Each Award shall be exercisable, during the lifetime of the
Participant or the Outside Director, only by the Participant
or the Outside Director or, if permissible under applicable
law, by the guardian or legal representative of the
Participant or Outside Director.

     (b)  The term of each Award shall be for such period of
months or years from the date of its grant as may be
determined by the Committee; provided that in no event shall
the term of any Incentive Stock Option or any Stock
Appreciation Right related to any Incentive Stock Option
exceed a period of ten (10) years from the date of its
grant.

     (c)  No Employee or Participant shall have any claim to
be granted any Award under the Plan and there is no
obligation for uniformity of treatment of Employees or
Participants under the Plan.

     (d)  The prospective recipient of any Award under the
Plan shall not, with respect to such Award, be deemed to
have become a Participant, or to have any rights with
respect to such Award, until and unless such recipient shall
have executed an agreement or other instrument evidencing
the Award and delivered a fully executed copy thereof to the
Company, and otherwise complied with the then applicable
terms and conditions.

     (e)  The Committee shall be authorized to make
adjustments in performance award criteria or in the terms
and conditions of other Awards in recognition of unusual or
nonrecurring events affecting the Company or its financial
statements or changes in applicable laws, regulations or
accounting principles.  The Committee may correct any
defect, supply any omission or reconcile any inconsistency
in the Plan or any Award in the manner and to the extent it
shall deem desirable to carry it into effect.  In the event
the Company shall assume outstanding employee benefit awards
or the right or obligation to make future such awards in
connection with the acquisition of another corporation or
business entity, the Committee may, in its discretion, make
such adjustments in the terms of Awards under the Plan as it
shall deem appropriate.  Notwithstanding the above, the
Committee shall not have the right to make any adjustments
in the terms or conditions of Options granted pursuant to
Section 11.

     (f)  The Committee shall have full power and authority
to determine whether, to what extent and under what
circumstances any Award (other than an Option granted
pursuant to Section 11) shall be canceled or suspended.  In
particular, but without limitation, all outstanding Awards
to any Participant shall be canceled if the Participant,
without the consent of the Committee, while employed by the
Company or after termination of such employment, becomes
associated with, employed by, renders services to, or owns
any interest in (other than any nonsubstantial interest, as
determined by the Committee), any business that is in
competition with the Company or with any business in which
the Company has a substantial interest as determined by the
Committee or any one or more Senior Officers or committee of
Senior Officers to whom the authority to make such
determination is delegated by the Committee.
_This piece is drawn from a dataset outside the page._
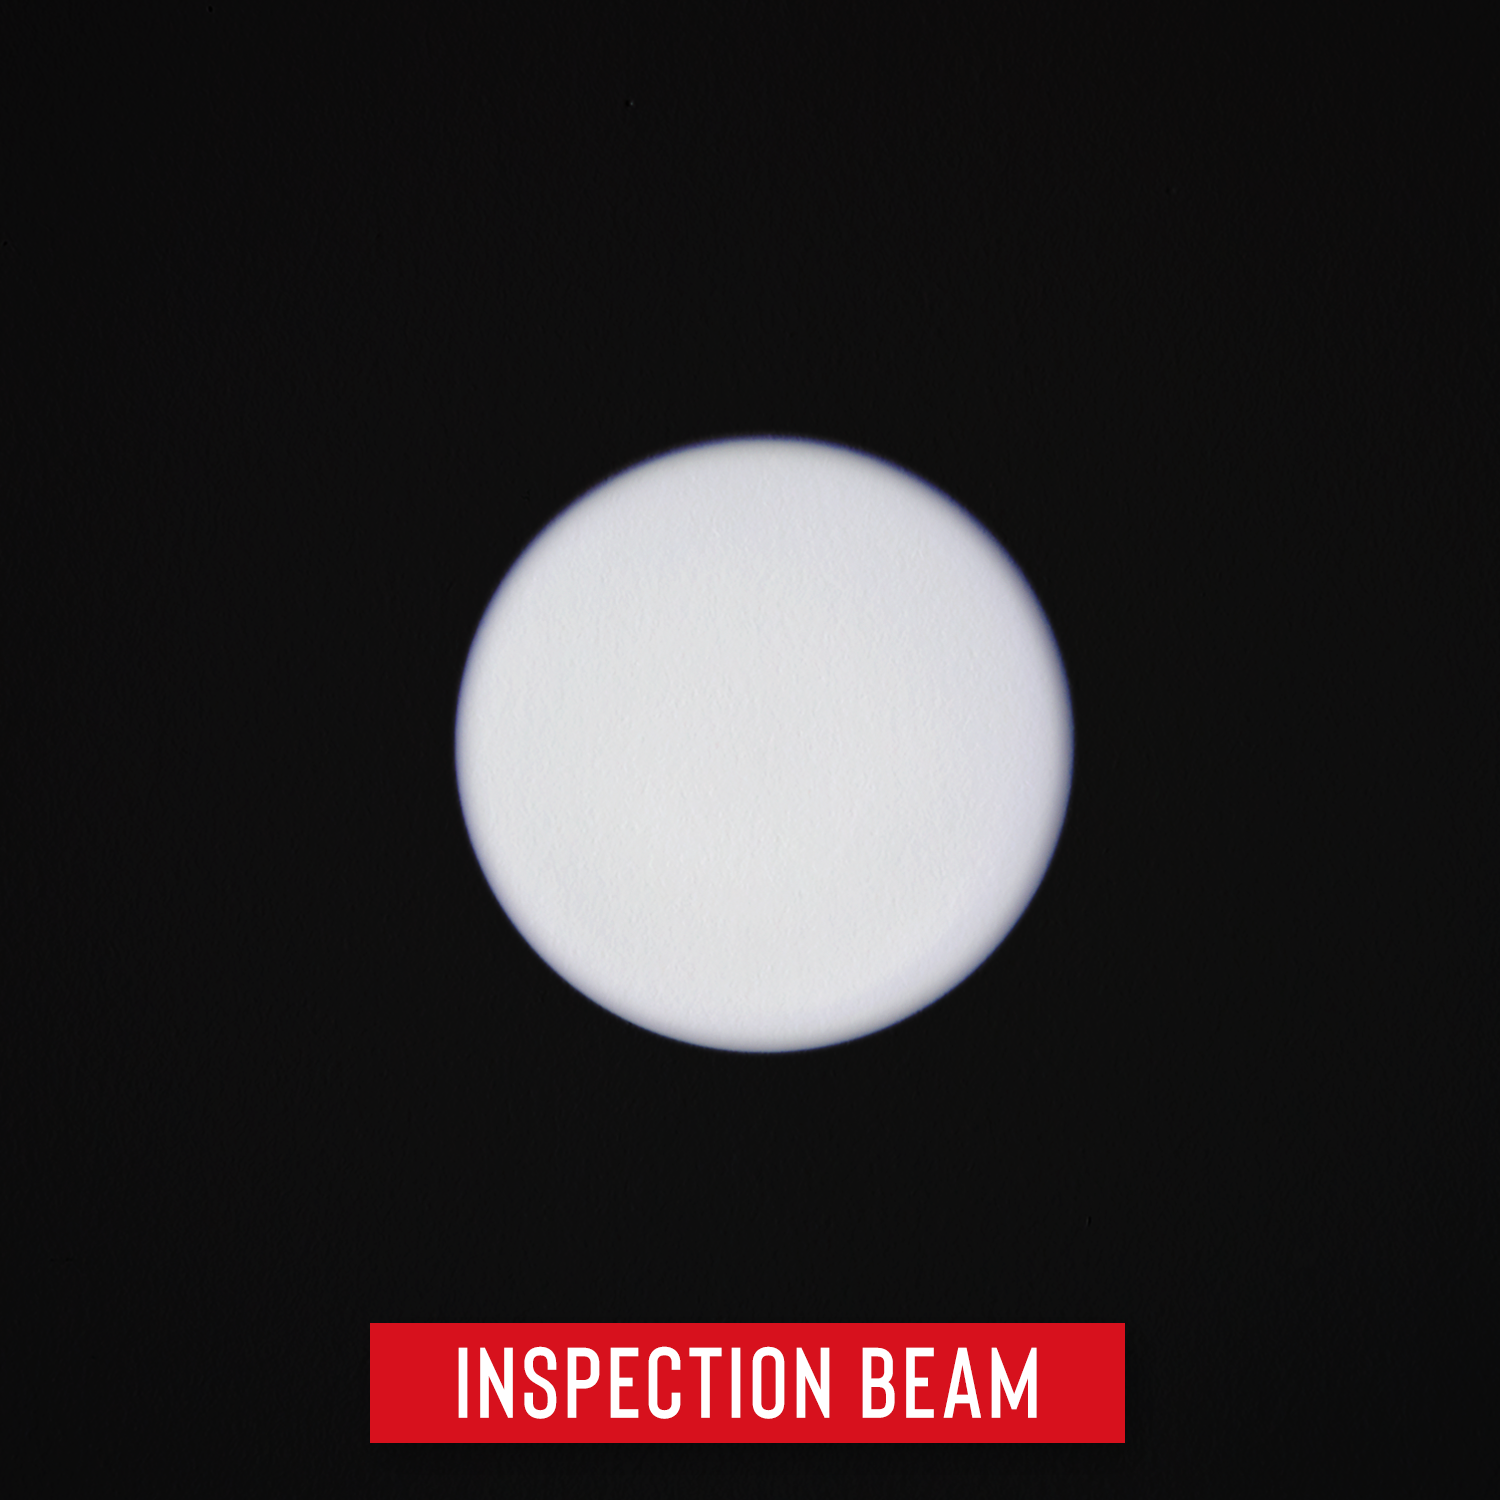 COAST G20 Dual Power 120 Lumen Inspection Beam LED Penlight, 4.2 oz - image 2 of 5

     (g)  All certificates for Shares delivered under the
Plan pursuant to any Award shall be subject to such stock-
transfer orders and other restrictions as the Committee may
deem advisable under the rules, regulations, and other
requirements of the Securities and Exchange Commission, any
stock exchange upon which the Shares are then listed, and
any applicable Federal or state securities law, and the
Committee may cause a legend or legends to be put on any
such certificates to make appropriate reference to such
restrictions.

     (h)  Subject to the provisions of this Plan and any
Award Agreement, the recipient of an Award (including,
without limitation, any deferred Award, but excluding
Options granted pursuant to Section 11) may, if so
determined by the Committee, be entitled to receive,
currently or on a deferred basis, interest or dividends, or
interest or dividend equivalents, with respect to the number
of shares covered by the Award, as determined by the
Committee, in its sole discretion, and the Committee may
provide that such amounts (if any) shall be deemed to have
been reinvested in additional Shares or otherwise
reinvested.

     (i)  Except as otherwise required in any applicable
Award Agreement or by the terms of the Plan, recipients of
Awards under the Plan shall not be required to make any
payment or provide consideration other than the rendering of
services.

     (j)  The Committee may delegate to one or more Senior
Officers or a committee of Senior Officers the right to
grant Awards to Employees who are not officers or directors
of the Company and to cancel or suspend Awards to Employees
who are not officers or directors of the Company.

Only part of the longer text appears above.